======== EXTRACTED RECORDS

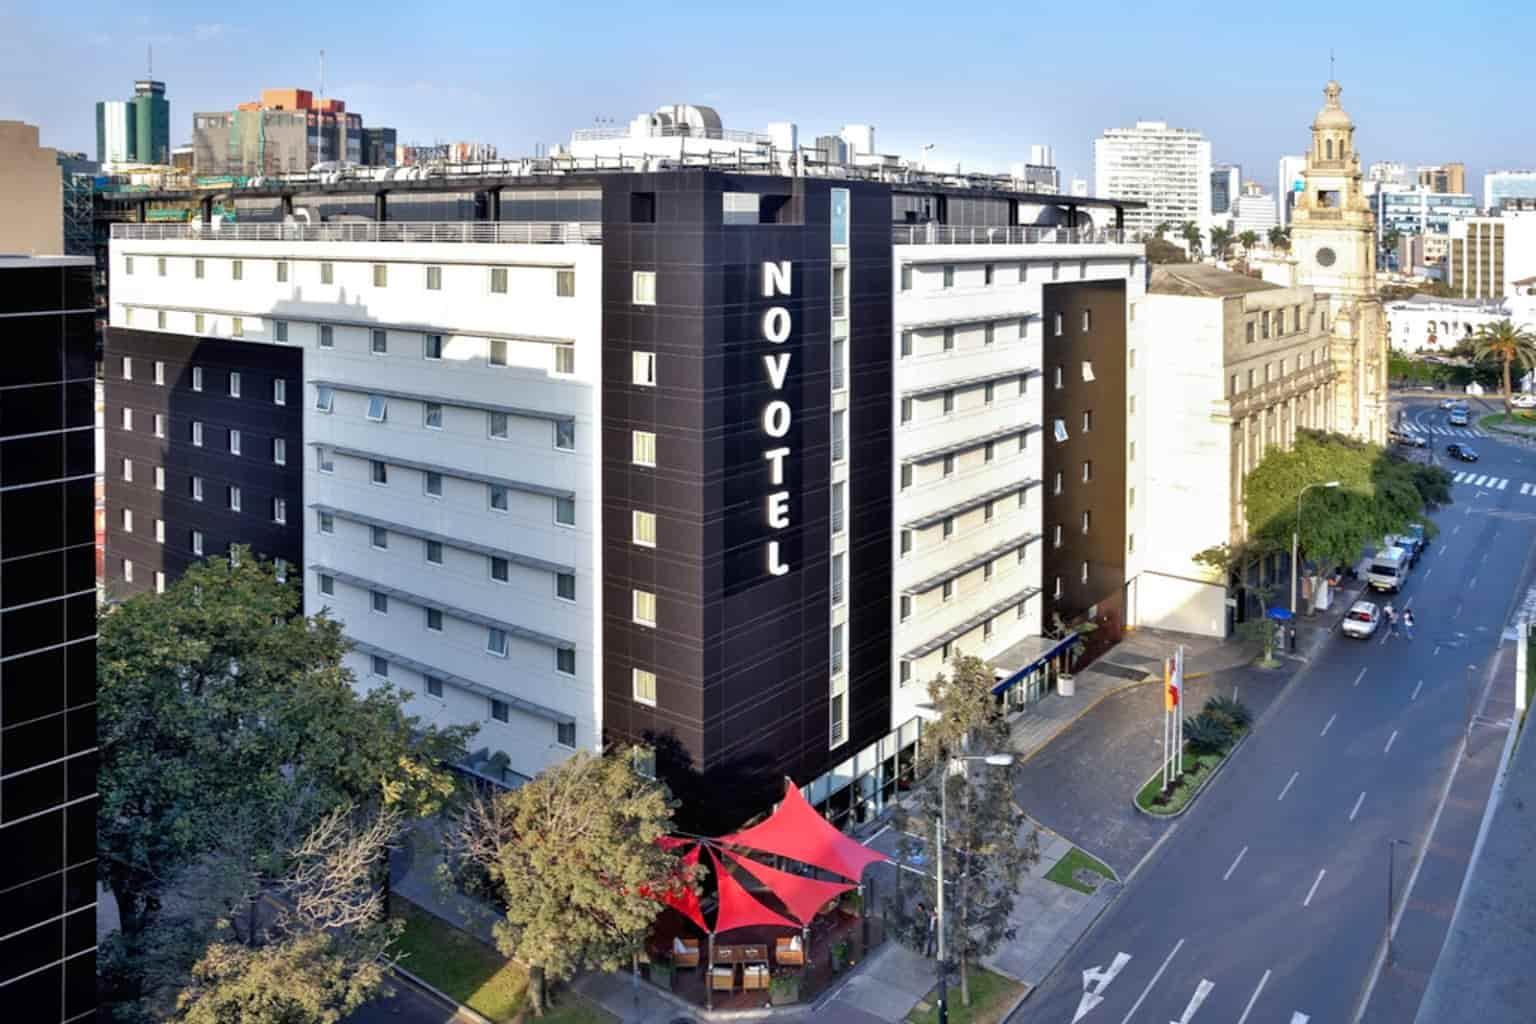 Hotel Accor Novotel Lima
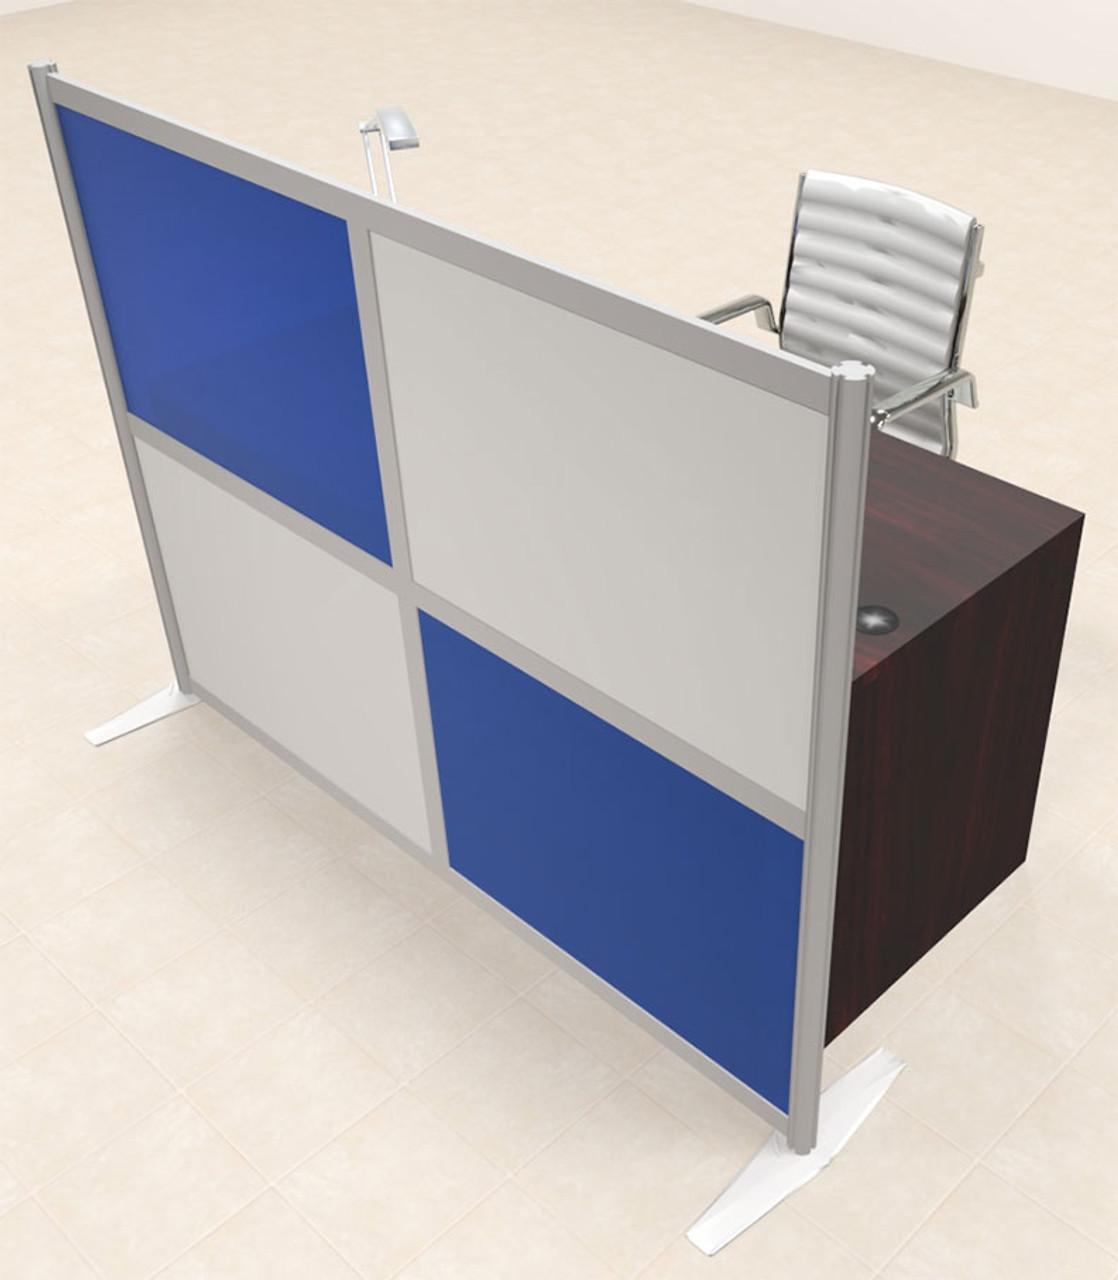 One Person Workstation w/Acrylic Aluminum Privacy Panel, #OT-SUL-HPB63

================
======== EXTRACTED RECORDS

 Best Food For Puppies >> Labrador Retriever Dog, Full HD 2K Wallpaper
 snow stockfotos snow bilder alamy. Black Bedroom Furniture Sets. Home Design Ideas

================
======== EXTRACTED RECORDS

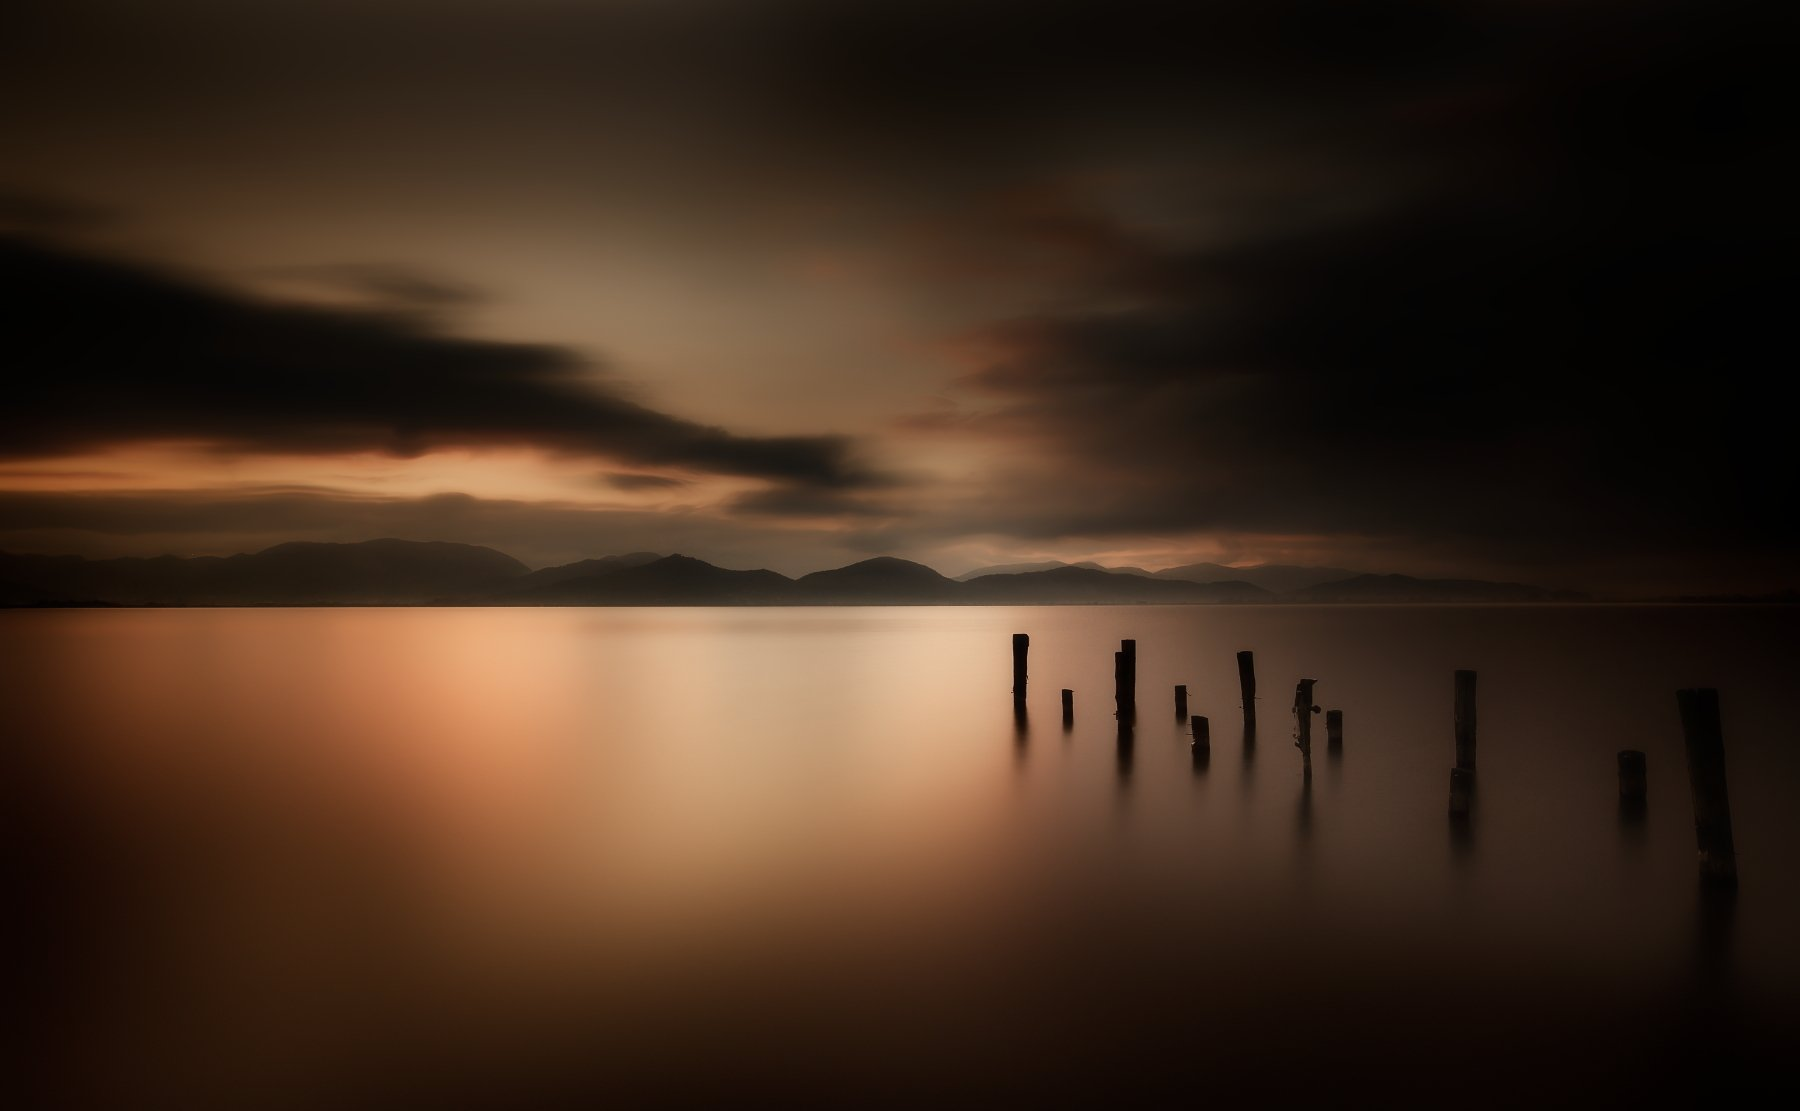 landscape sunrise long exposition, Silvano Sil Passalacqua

================

**WHAT YOU NEED TO DO:**
Although the records above contain pictures, the copy must not; set down exactly the lines from the one with "Hotel Accor Novotel Lima" up to and including the one with "One Person Workstation".

**SOLUTION BELOW:**
 Hotel Accor Novotel Lima
 One Person Workstation w/Acrylic Aluminum Privacy Panel, #OT-SUL-HPB63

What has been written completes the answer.